После небольшой, но досадной задержки из своей хижины вышел вождь Китенджи. Худой, угловатый, как саранча, он медленно шел, опираясь на резной посох красного дерева. Остановившись у едва заметной черты, отделявшей деревню от территории отеля, старик присел на бревно. Ясно: не хочет, глядя сверху вниз, раздражать карлика. А за глаза, как и прочие дикари, называет его Чура Ньякунда — Желтая Лягушка.

Оливио приготовился отражать попытки хитрого африканца что-нибудь вытянуть из него, не поступаясь ни малейшей толикой собственного имущества или власти. Кончится тем же, чем и всегда: подношением. Правда, сегодня Оливио имел в виду кое-что получше.

— Приветствую тебя, великий Баба, отец моей деревни.

— Где мои замечательные шкуры, старик? — прошипел Оливио. — Где корзины, которые мне обещали сплести твои старухи?

— Шкуры? Это какие же, Баба? — спросил вождь, возвышая голос и закатывая водянистые глаза. — Вчера я дал тебе фасоль и крупные тыквы. А шкуры? Откуда я возьму шкуры? Моим людям запрещено охотиться.

— Шкуры — на антилопах, иди и сдери. Обработай как следует и принеси мне — иначе не получишь воды из источника его светлости.

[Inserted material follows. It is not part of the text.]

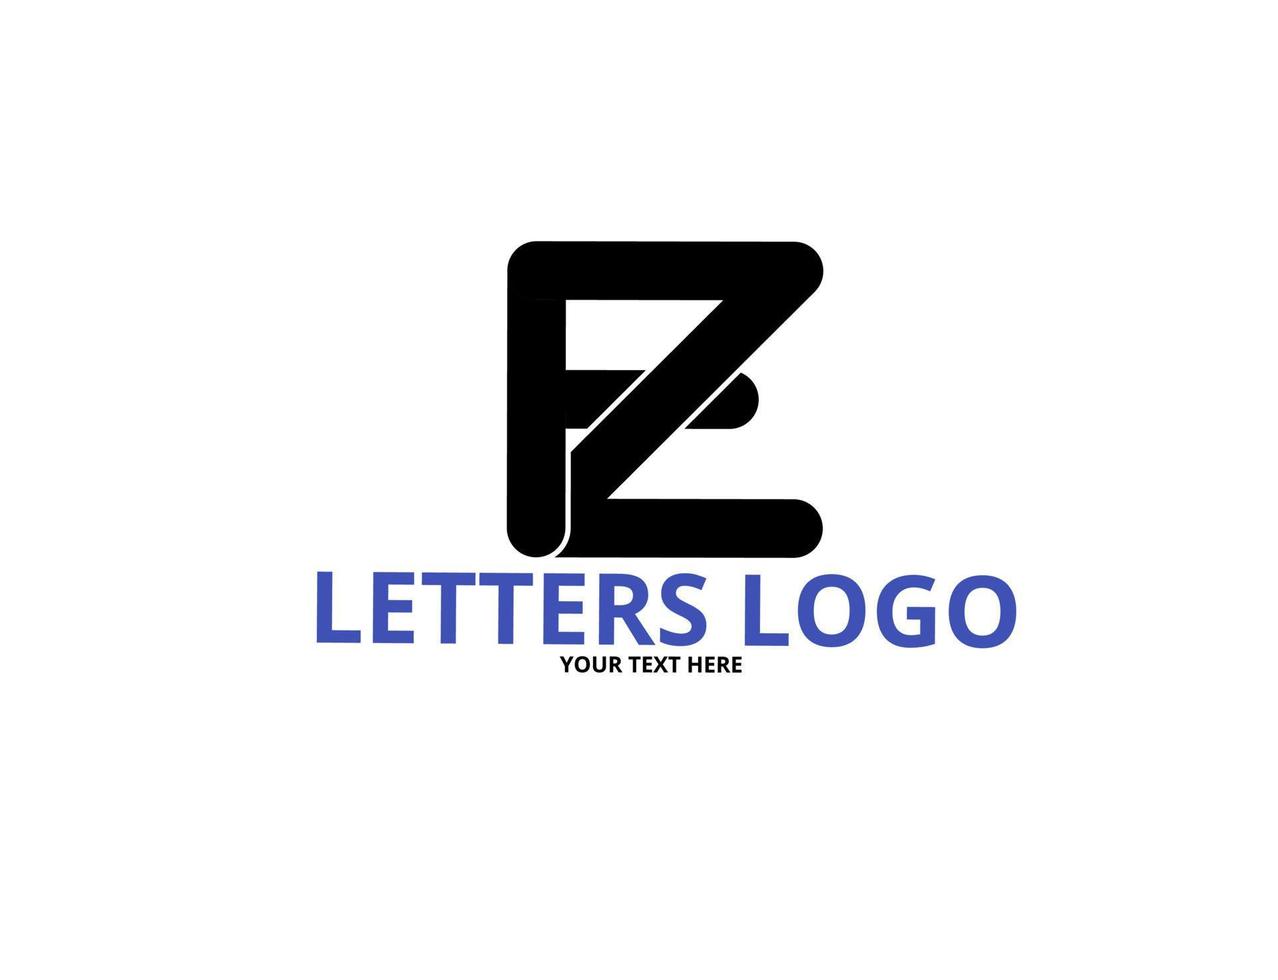 fz zf f z initial letter logo vector

— Не получу воды? Но, возлюбленный Баба, ведь тогда мои дети не смогут служить тебе. А мужчины, которых я отдал тебе, когда началась война? Вспомни, Баба: восемнадцать крепких носильщиков для английских солдат. Им пришлось идти далеко-далеко, в страну злобных дикарей, львов и болезней. Разве мои братья вернулись домой? Разве их дети сыты, а жены — согреты? Если они вернутся, станут ли почитать своего вождя после всего, что вытерпели от англичан: носили их на своем горбу, голодали и много, много раз прощались с жизнью? Какими глазами они будут смотреть на меня, бесценный Баба?

— Я, что ли, начал войну, старик? — возразил карлик, ни на минуту не забывая о цели своего визита. — Я забрал себе этих людей? Заставил носить себя на закорках? Нет. Это все англичане. Жены? Покажи мне хоть одну, оставшуюся в одиночестве. Нет, они, как и прежде, приносят детей. От тебя потребовали двадцать пять мужчин — семерых я выторговал обратно. Умолил знакомого его светлости. Так что ты еще должен мне семерых, или трех молодых девушек, или одну — особенную.